Here’s the key thing about why vintage paperbacks are collected: for their cover art. Not to be read — although the collector is welcome to read them — but it’s the cover art that one is really after. The work of the graphic artists on these vintage covers was often superior to the writing inside. The paperback would be trashy or mediocre but its cover art redeemed it and made it special. Vintage paperback covers were done by artists trained classically as painters.

Many of these cover artists went on to become giants in the art of illustration, and often paired off with a writer to do a whole series.

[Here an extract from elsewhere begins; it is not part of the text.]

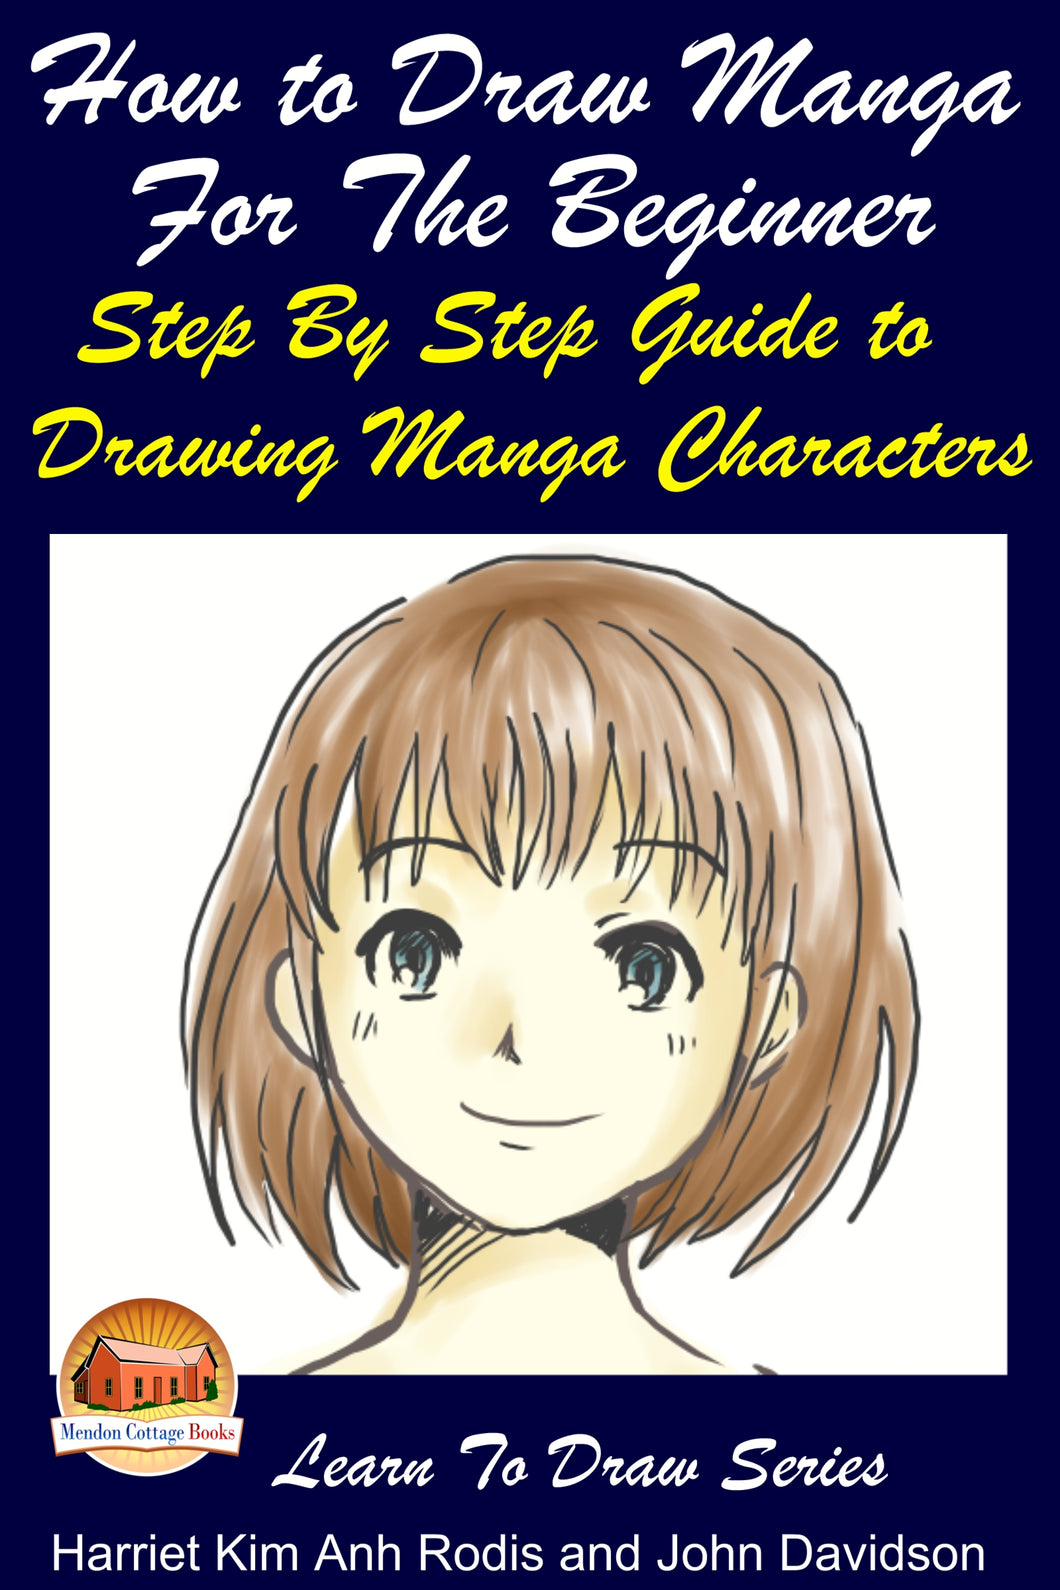 How to Draw Manga For the Beginner - Step By Step Guide to Drawing Manga Characters

Some of the best known were Robert McGuinness and his deadly femme fatales in the Carter Brown mysteries, Frank Frazetta and his bizarre covers for the Conan the Barbarian series by Robert E Howard, and the busty women of Bill Ward and James Avati’s steamy paintings. Avati is also famous for his cover art for the paperback of Catcher in the Rye showing a young boy with a suitcase, red cap worn back and a scarlet scarf around his neck. Holden Caulfield, if you remember, ‘horses around’ by wearing the cap backwards. Avati, unlike many illustrators, actually read the books before he designed the cover. 
        
Vintage paperbacks from 1939 to 1969 are what are specifically collected. Many of the classic hardboiled writers got their first start in paperbacks and pulp magazines like Black Mask. Jim Thompson is a classic example. The first mass market paperbacks were issued by Pocket Books in 1939. One year earlier in 1938, there had been a Pocket Books edition of The Good Earth — though not pulp, it became the first printed paperback. Later, in the UK, Allen Lane was to revolutionise reading by publishing affordable paperbacks of literary writers though the establishment of Penguin Books.

The first book to use the term ‘science fiction’ in the title was also a vintage paperback. An anthology called The Pocket Book of Science Fiction, it was edited by Donald A Wollheim (Pocket Book no 214)  in 1943. Needless to say, this is a huge collectible item, and anyone finding a copy of this edition will have struck collector’s gold. In India, vintage paperbacks are a completely ignored form of popular culture. There’s a better tradition of collecting comics here. A few exception include artists such as Mustajab Ahmed Siddiqui, known to readers as Shelle. His cover art famously adorned the kind of Hindi paperbacks you glimpse in railway station bookstalls. He began as an art teacher who was paid Rs 25 for a cover, and is now paid thousands. He uses a mixed style of oils and collage.

Typically, his cover was replete with guns surrounded by heroes, villains, heroines and vamps. Shelle is one of the last of the pulp cover painters, as paperbacks lose to Hindi serials in popularity. Apparently, since 1971, he has worked on as many as 4,000 book covers — a figure that will rival even the prolific output of legendary American vintage paperback cover artists.

The genius of vintage paperbacks is that the cover artist created these small masterpieces without intending greatness — much in the same way that some of the best pulp writers wrote without any self conscious design.